When criticism mounted from many NGOs, the prime minister then declared that this school programme will not be a compulsory week for schools. Since then, more politicians, MPs and state assembly members have openly criticised the Ministry of Education.
In trying to ward off criticism, the ministry clarified that the solidarity week was meant to instil humanism and empathy among children. But how do children absorb these values based on what is happening in a land thousands of miles away from Malaysia? Do the children even know where Gaza is?
If we truly wanted to inculcate these values, why don’t we use local issues where injustice is caused by discrimination and by unjust policies that deny opportunities to the deserving because of their ethnicity? In this land of plenty, we shockingly learnt that a mother of five had to go hungry four or five days in a week to feed her hungry kids. Shouldn’t schoolchildren sympathise with this issue and show their empathy?
Shouldn’t we inculcate abhorrence against corruption, which has been the bane and curse of this nation? Shouldn’t the children be allowed to empathise with the farmers who are being evicted in the PM’s own constituency? Is this eviction any less cruel and dehumanising compared to what is happening elsewhere?
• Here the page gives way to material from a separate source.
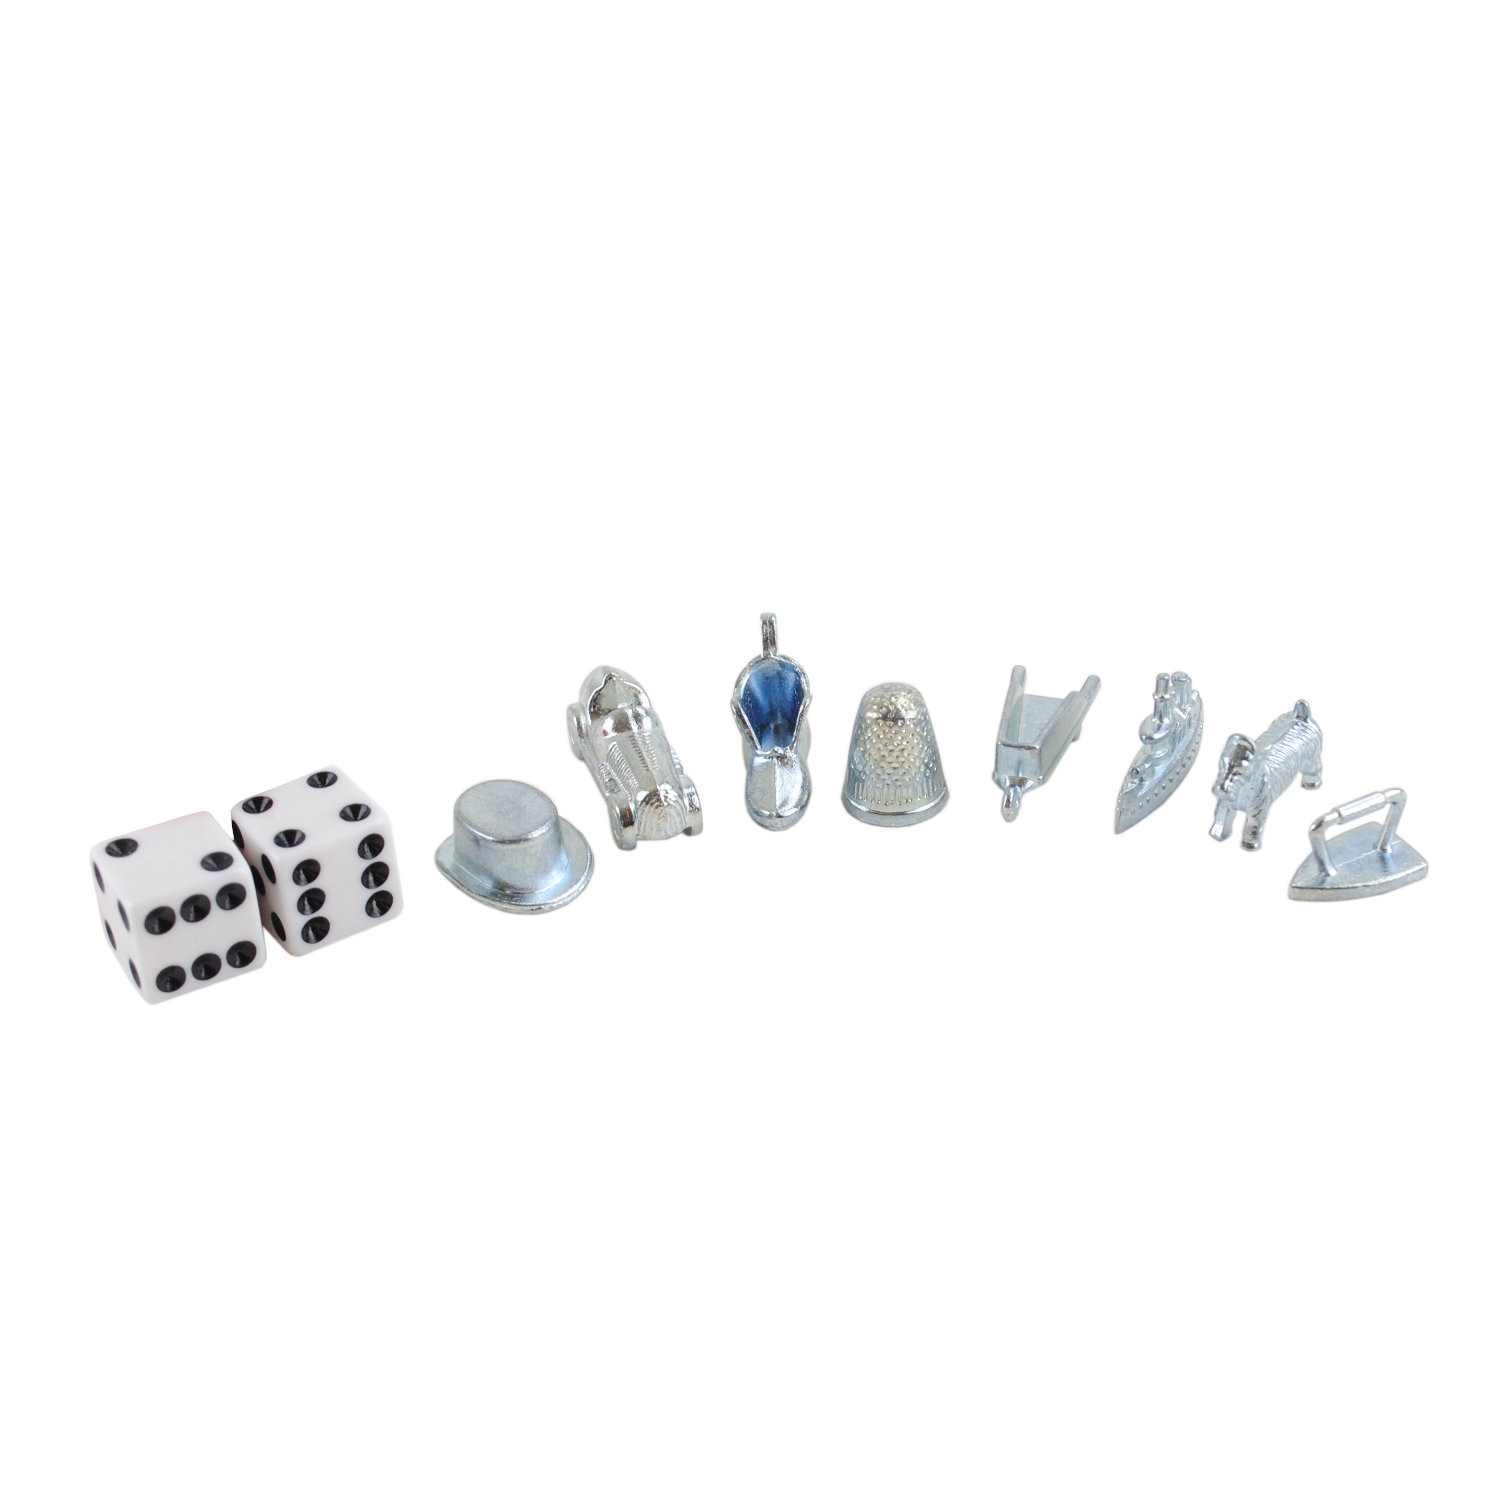 Monopoly Figuren und Würfel (silber, 2 weiße Würfel)

Talking about empathy and human rights, why not teach our students it is not right to forcibly dispossess the Orang Asal from their ancestral lands and to give away the land to companies owned by the political elite and their cronies, like what is happening to the Palestinians?
It is rather unfortunate that there is an element of religiosity in Malaysia’s stand on the Middle East. Didn’t Putin bomb towns and cities, killing children, women and the elderly? Where was our outrage against the carnage in Ukraine? Did we propose a week of solidarity in schools? Is the blood of a Ukrainian child any different from the Palestinian child?
Finally, children should be told that in any war the unfortunate victims are invariably non-combatant civilians, caught in between two contending enemies. An African proverb illustrates this powerfully: “When the elephants fight, the grass gets trampled.”
Likewise, when powerful forces go to war, it’s their people who are hurt. Those who never asked for the conflict in the first place are caught and killed in the crossfire.
It’s either we learn to live in peace or get blown to pieces!